RECORDS FOR THE EXERCISE:
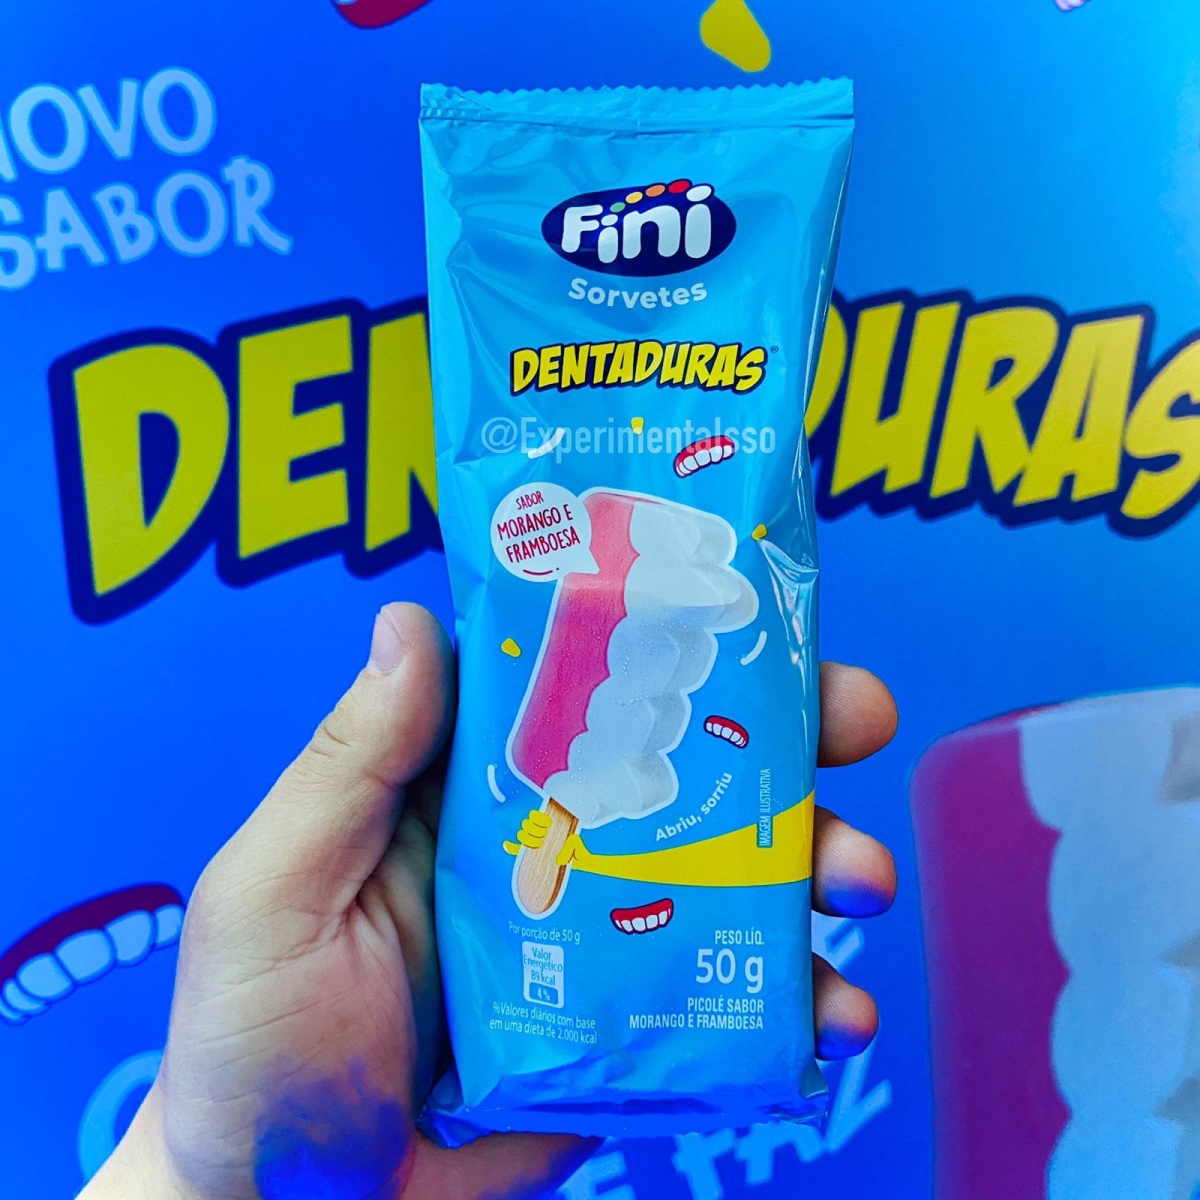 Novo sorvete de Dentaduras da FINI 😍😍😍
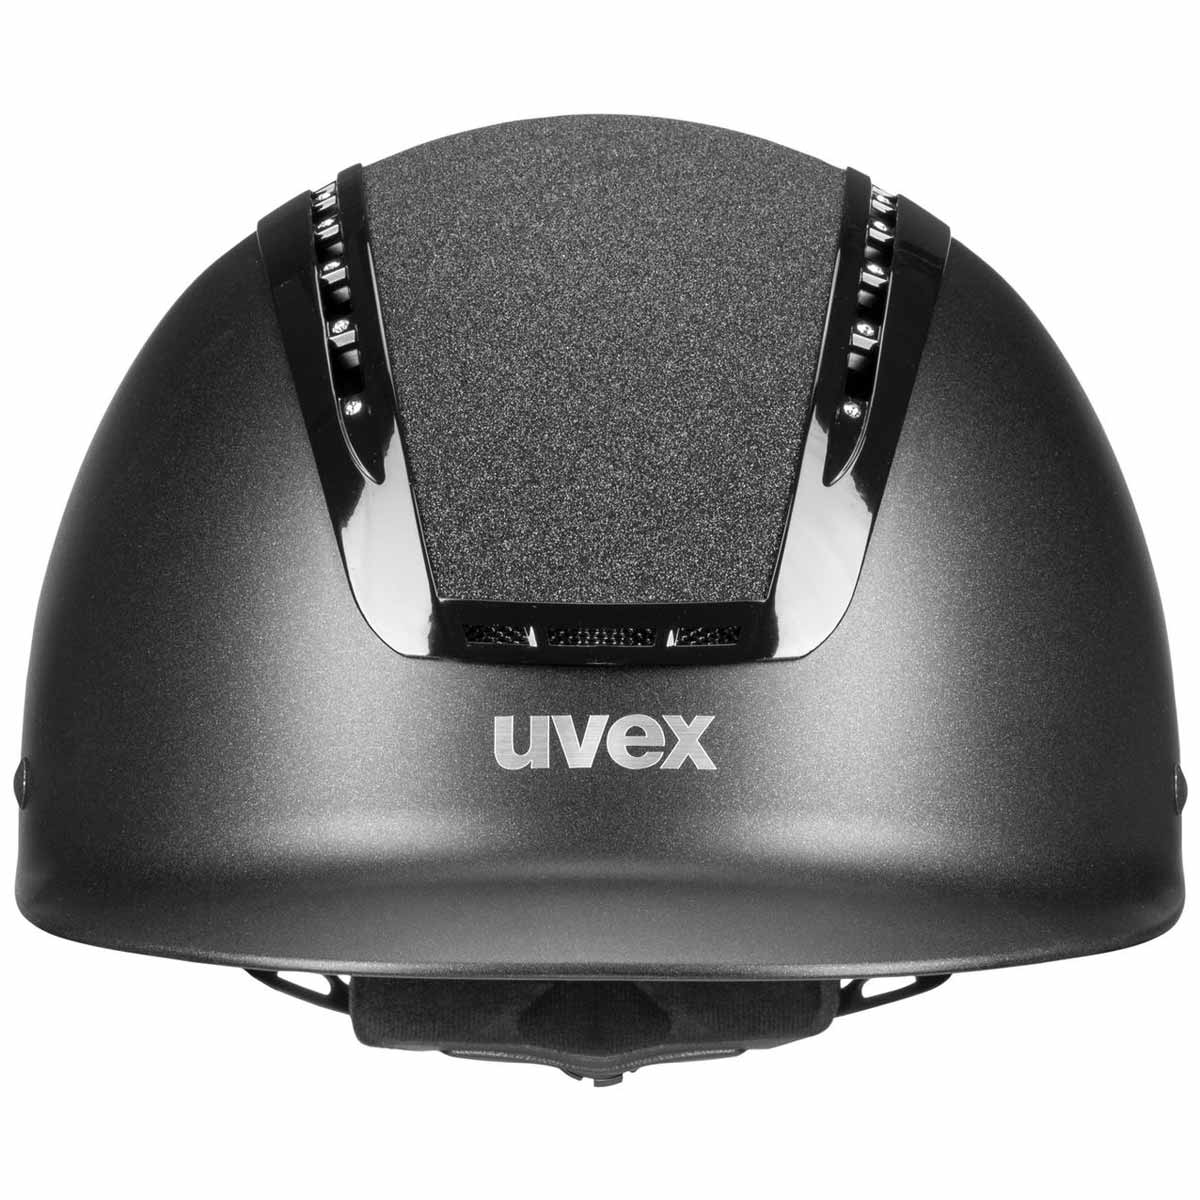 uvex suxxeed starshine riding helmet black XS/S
==
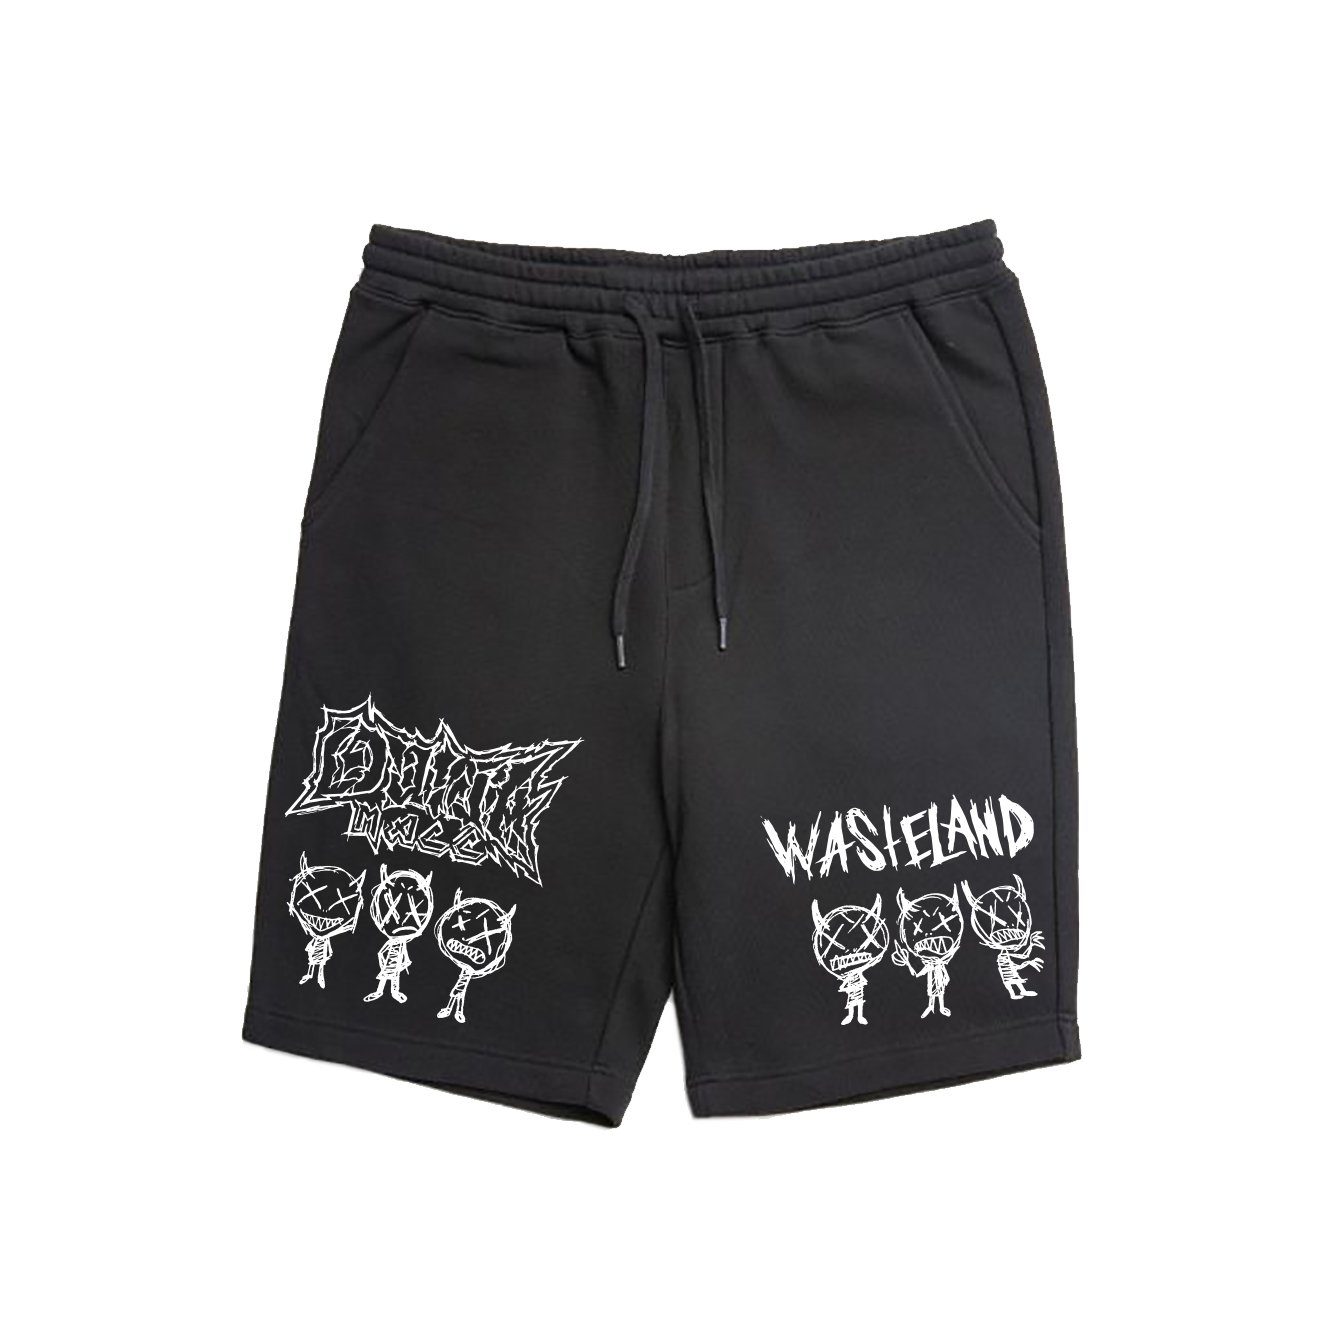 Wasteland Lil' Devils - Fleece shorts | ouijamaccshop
==
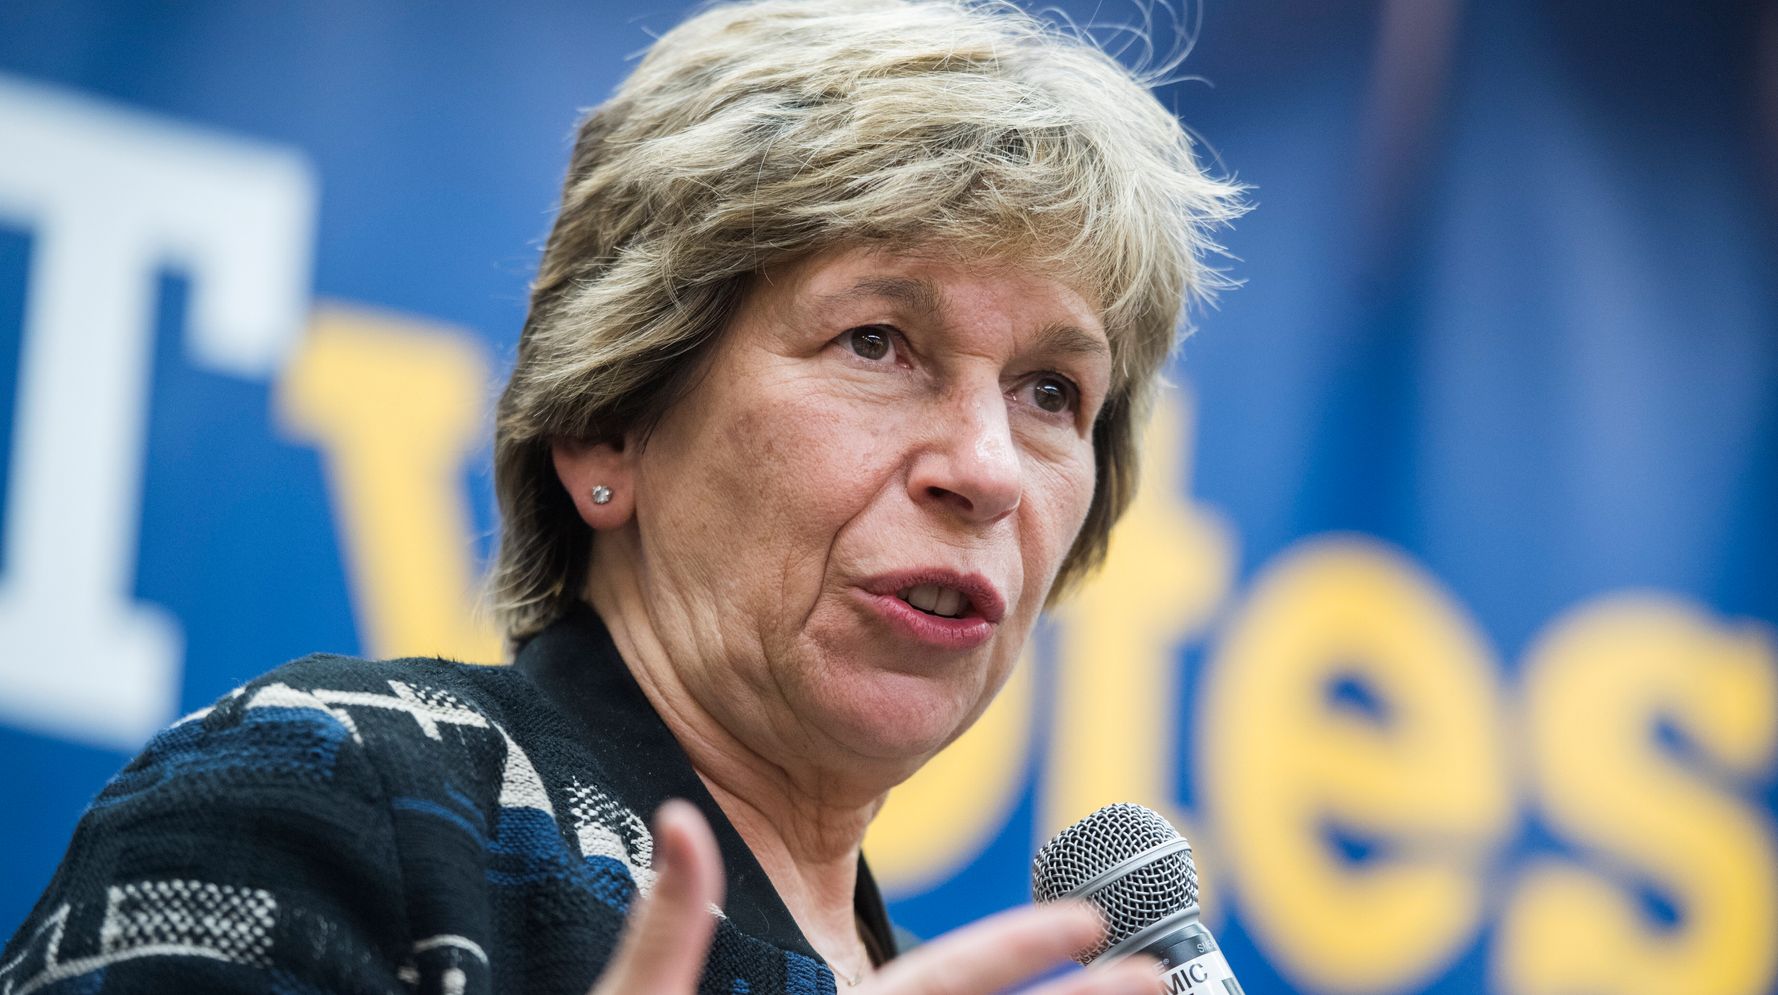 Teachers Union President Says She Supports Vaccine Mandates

PROBLEM DESCRIPTION: Reproduce the lines above starting at the one with "Novo sorvete de Dentaduras da FINI 😍😍😍" and ending at the one with "uvex suxxeed starshine", both included, exactly and with no pictures.

ANSWER TO THIS EXERCISE:
 Novo sorvete de Dentaduras da FINI 😍😍😍
 uvex suxxeed starshine riding helmet black XS/S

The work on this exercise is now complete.